Exception raised when mapping fails.

__init__(*args, **kwargs)
args
with_traceback()

Exception.with_traceback(tb) – set self.__traceback__ to tb and return self.

class schrodinger.application.matsci.automated_cg_mapping.CGGraphHelper

Bases: object

Includes methods to generate and analyze graphs

static classifyNodeClusters(node_clusters, st_graph)

Sort the given node clusters. Clusters that produce isomorphic subgraphs are considered equivalent, and any nodes that seed equivalent clusters are assigned to the same category together.

Parameters
  • node_clusters (dict) – dictionary of nodes_clusters where the key is the node index and value is list of cluster nodes

  • st_graph (networkx.Graph) – The structure graph

Return type

Mapping

Returns

Mapping of symmetry ids and the nodes that belong to the same category

static getPathLength(bead_nodes, st_graph)

Get the longest path length between nodes in a bead

Parameters
  • bead_nodes (list) – list of nodes in the bead

  • st_graph (networkx.Graph) – input graph

Return type

float

Returns

The longest path length between the nodes

static getCGGraph(mapping_cg, st_graph)

Get coarse-grained graph from mapping

Parameters
  • mapping_cg (Mapping) – mapping object

  • st_graph (networkx.Graph) – input full graph

Return type

networkx.Graph

Returns

the coarse grained graph

static getDualGraph(st_graph, node_clusters=None)

In a dual graph, nodes i and j are connected only if their corresponding node clusters have no overlapping nodes. If node_clusters is None, then the dual graph is constructed by connecting nodes i and j if they are at least 3 bonds away from each other.

Parameters
  • st_graph (networkx.Graph) – input graph

  • node_clusters (dict) – dictionary of node clusters for each node in the graph

Return type

networkx.Graph

Returns

the dual graph

static getSwappingGraph(acceptors, donors, cg_graph)
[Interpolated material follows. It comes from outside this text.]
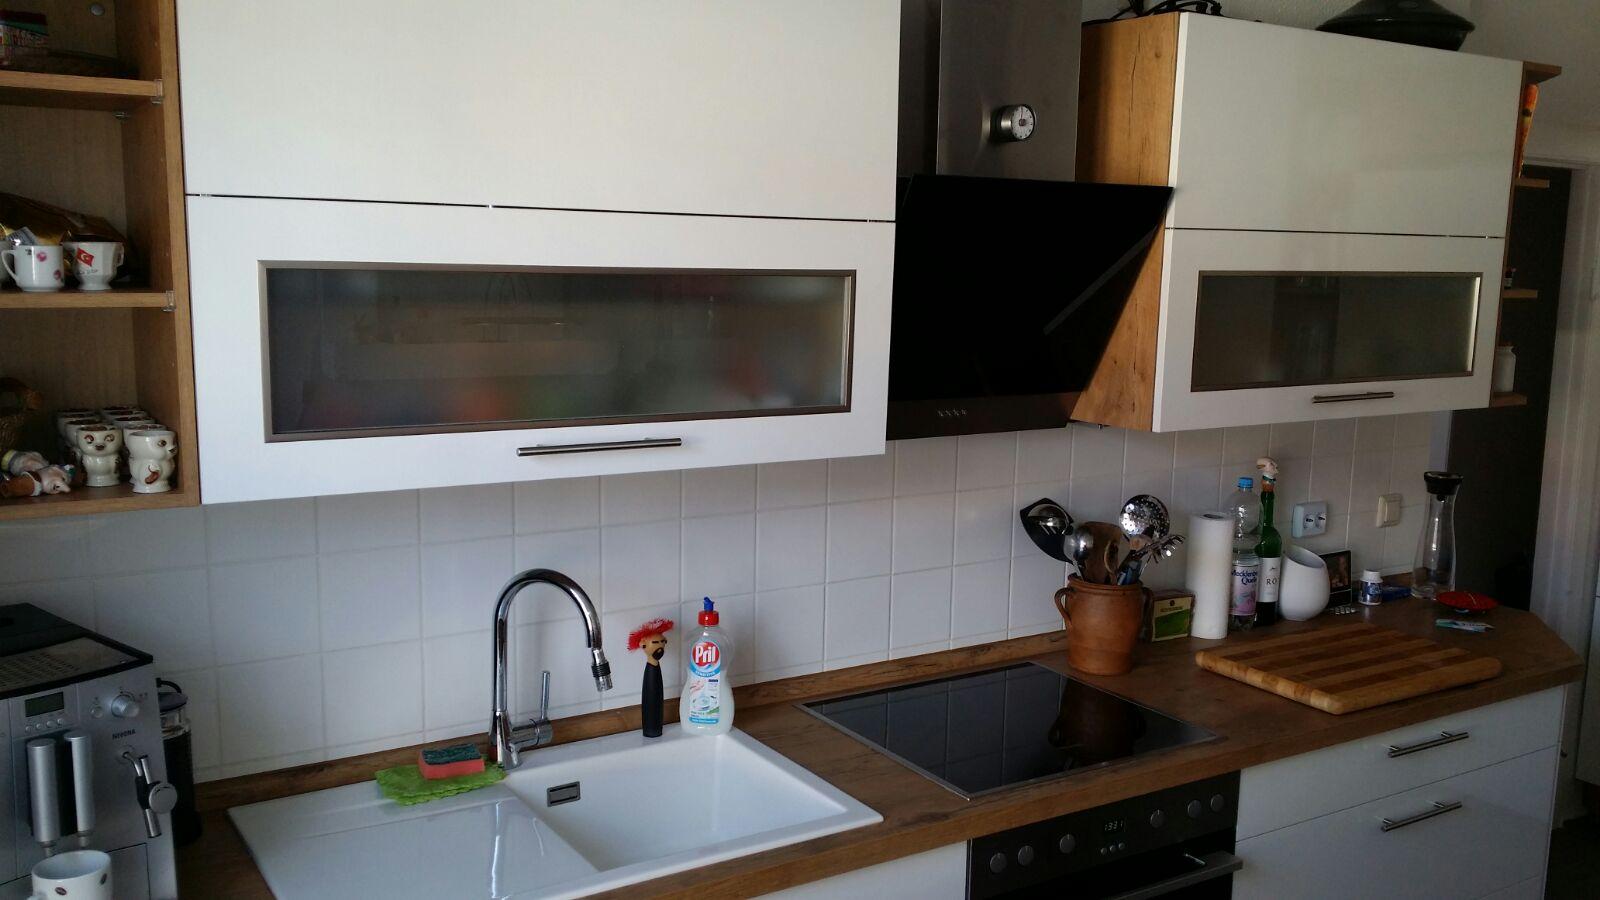 Einbaukuechen preiswert küchen herbert storkow baut Marken Küchen | {Einbauküche preiswert 8}

Construct a graph used to determine which nodes should be swapped. Donors, the large beads will donate a node to the acceptor bead, which is a small bead. The graph is constructed by removing all edges but those between donors and acceptors. Connected components will be used to find bead pairs that will exchange nodes.

Parameters
  • acceptors (list) – list of acceptor beads

  • donors (list) – list of donor beads

  • cg_graph (networkx.Graph) – coarse-grained graph

Return type

networkx.Graph

Returns

swapping graph

static getEdgeList(mapping, st_graph)

Get list of edges for the coarse-grained network.

Parameters
  • mapping (Mapping) – CG mapping for a section of (or an entire) molecule

  • st_graph (networkx.Graph) – Structure graph for the underlying atomistic (not CG) representation of the molecule

Return type

tuple(list, dict)

Returns

List of all edges, and a dict containing edge attributes (bond orders for the CG bonds)

static matchIsomorphicGraphs(graphs)

Get a graph matchers object for a pair of graphs.

Parameters

graphs (tuple(Graph, Graph)) – Two graphs to be matched

Return type

iso.GraphMatcher

Returns

the object matching two graphs

class schrodinger.application.matsci.automated_cg_mapping.Mapping

Bases: object

Data structure to store CG mappings of atoms into beads.

__init__()

Create an instance.

createNewGroup(bead, bead_idx=None)

Create a new bead. If provided index is None or already exists, one is generated

Parameters
  • bead (list) – The new bead (list of nodes).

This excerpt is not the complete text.